After the Massachusetts fleet was routed and destroyed, Francis Archibald and wife Mary remained in Castine, mostly likely since the departing Massachusetts forces had set fire to their buildings at Fort Pownal. Thomas Goldthwait soon left for New York and then England, possibly to pursue restitution for his lost properties in Maine. Once there, he made deposition stating that his lands in Frankfort Township, about 25,000 total acres, had been seized by rebels and his buildings and mills destroyed. He received £100 as a pension until January 1781. While he claimed nearly £6400 in property losses, Parliament allowed him only £1820 mostly for his services, less than a third of his loss.[12]

Naval Capt. Henry Mowatt (infamous for his burning of Falmouth, Maine early in the war) and Fort George’s later commander Col. John Campbell described Goldthwait’s losses in more detail. Their deposition dated April 21, 1781 stated:

In the year 1779, upon the landing of the Kings Troops in Penobscot Bay, their whole stock of Horned Cattle forty in number with Horses, Sheep, Hogg, &c and Farming utensils, the Crop then growing were all carried off and destroyed. – Soon after this himself & family were driven from their Possessions, and obliged to take shelter on board of Vessells & in the Hospital, whereby they underwent great hardships particularly during the Siege. The rebels, the day of their defeat, sat fire to their dwelling houses, Stables, barnes, Windmill, Wharfs, Fences which entirely consumed them.[13]

After his departure, the Goldthwait family remained in Castine, including Archibald and Mary. Goldthwait’s wife eventually joined her husband in retirement at Walthamstow, Essex, a few miles north of London. Their daughter Jane also went there, as did Thomas Goldthwait Jr. and most of their other children. Thomas Goldthwait Sr. died “rather suddenly” at Walthamstow on August 31, 1799 at age eighty-two. His wife Catherine had died on December 16, three years earlier at age eighty-one. Both are buried in the Walthamstow churchyard, alongside daughter Jane. As late as 1806, his estate tried to collect debts owed him on his Maine lands, especially from Thomas Flucker’s estate, part of the Waldo Patent.[14]

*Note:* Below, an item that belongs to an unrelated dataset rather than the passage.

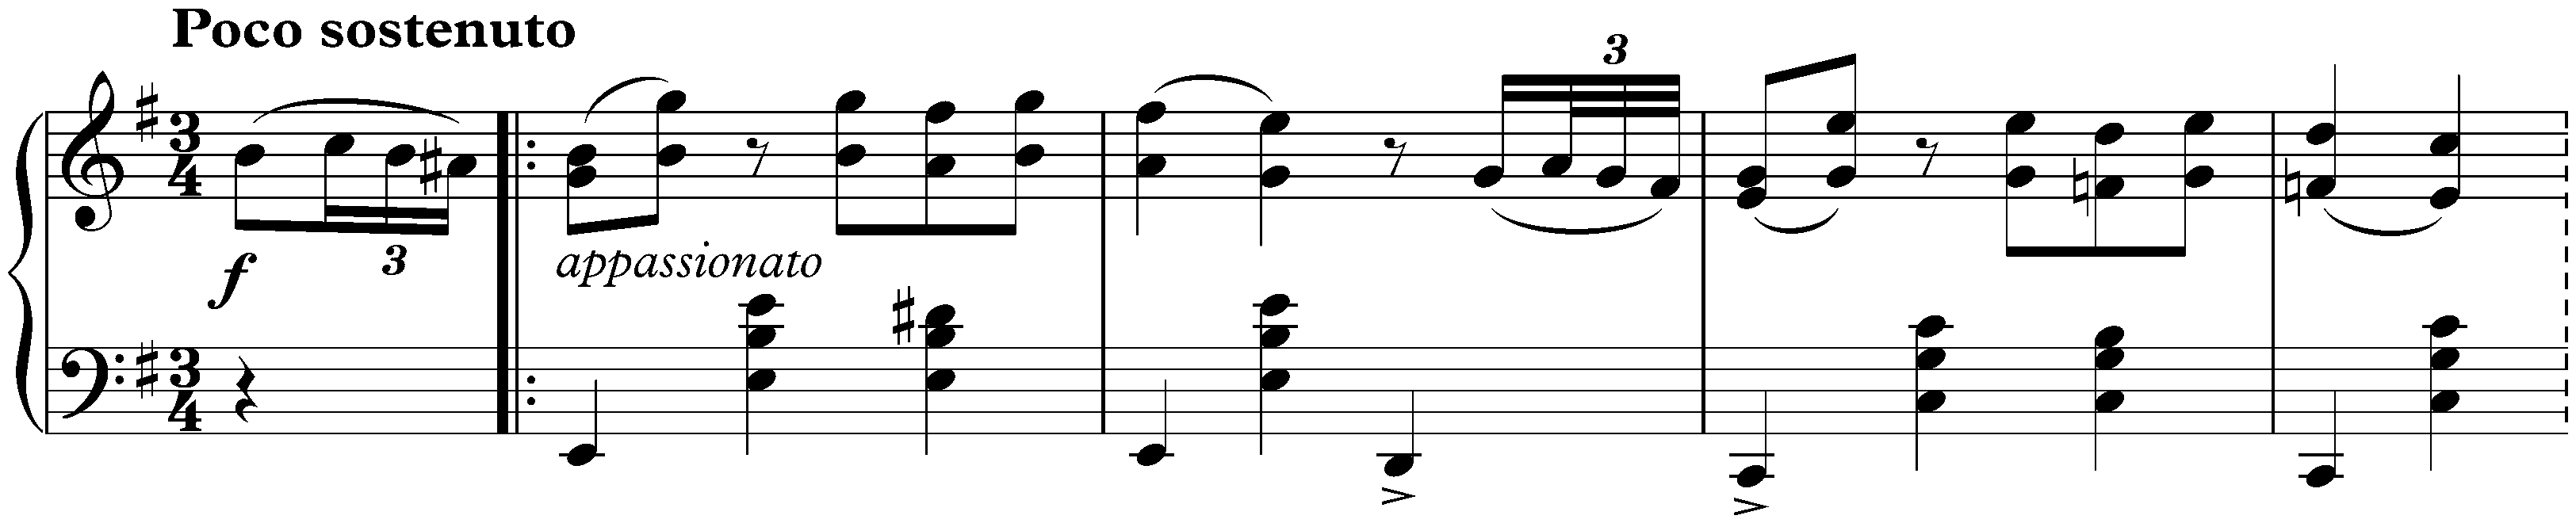 Sixteen Waltzes, op. 39; 4. E minor

Francis Archibald became clerk of works as part of the engineers and kept Fort George construction records, much like he had done for store records at Fort Pownal. One source states soon after his arrival in Castine, he took the British oath of allegiance. Throughout the remainder of the war, he assisted fort engineer Capt. Thomas Hartcup. One source notes he was convinced Britain was going to retain the Penobscot region after the war, so he bought and planned to settle 100 acres on Orphan Island, present-day Verona Island.[15]

Loyalist evacuations to Nova Scotia began in January 1784, hastened by the official creation of New Brunswick on June 18 that same year. Archibald and Mary decided to stay in the Penobscot area; one source states his property was plundered due to his Loyalist leanings, perhaps his holdings on Verona Island. It is not clear why he chose to remain in the Castine area or even where they ended up living. It is possible at this time they returned to Stockton Springs, near the ruins of Fort Pownal. An Archibald family genealogy source notes he was a Tory and went to England to live, but that was not the case. Francis Archibald III died just short of his thirty-fifth birthday. On October 8, 1785 (another source states December 29), he suffered an injury to his foot with a misguided swing of his hatchet and quickly bled to death. The fatal accident occurred shortly before the birth of their daughter Catherine. She seems to have been their only child, although another source states they had two children; perhaps one had died earlier in infancy. It is also not clear where Archibald was buried, as there is no grave marker for him in the Castine or Stockton Springs cemeteries.[16]

Thomas Goldthwait learned of Archibald’s death from a letter received in 1785 from his former Fort Pownal gunner Jonathan Lowder. With his daughter now a widow, Goldthwait signed two deeds in May 1786 which conveyed to her certain real estate located in Stockton Springs. One was a deed to Beaver Brook Meadow about one hundred acres of cleared land. The other was to a grist mill and saw mill near Sandy Point.[17] The letter from Lowder also convinced her brother Thomas Goldthwait Jr., also then living in Walthamstow, to convey to Mary lot No. 8 of fifty acres he had purchased from Stephen Littlefield in 1773.[18]

The tragedy of losing her husband and birth of her daughter may have been too much for Mary and she was soon declared insane. By this time, there were no more Goldthwaits in the area and her father’s lands had been confiscated in 1784. Her sister lived in Boston, the closest location for any relative. Why she and the new child were not taken there is lso not clear; perhaps Archibald’s Loyalist leanings made that impractical. Local ordinances stated the birthright of any citizen born in town was the responsibility of that town for maintenance of paupers and infirm. What arose was a practice known as the selling of paupers at auction for the least sum per week. This may have been the case with Mary Archibald. By 1790, she and her five year old child lived on the lot Mary had received from her brother. Also in that residence was war veteran and trader William Farley, who apparently managed her affairs. One or both of the family servants Huldah or Azor may have still lived to help take care of the widow and child. It is not clear where Farley was from or how he ended up being Mary’s caretaker, who by this time was known as Miss Polly or sometimes Miss Farley.[19]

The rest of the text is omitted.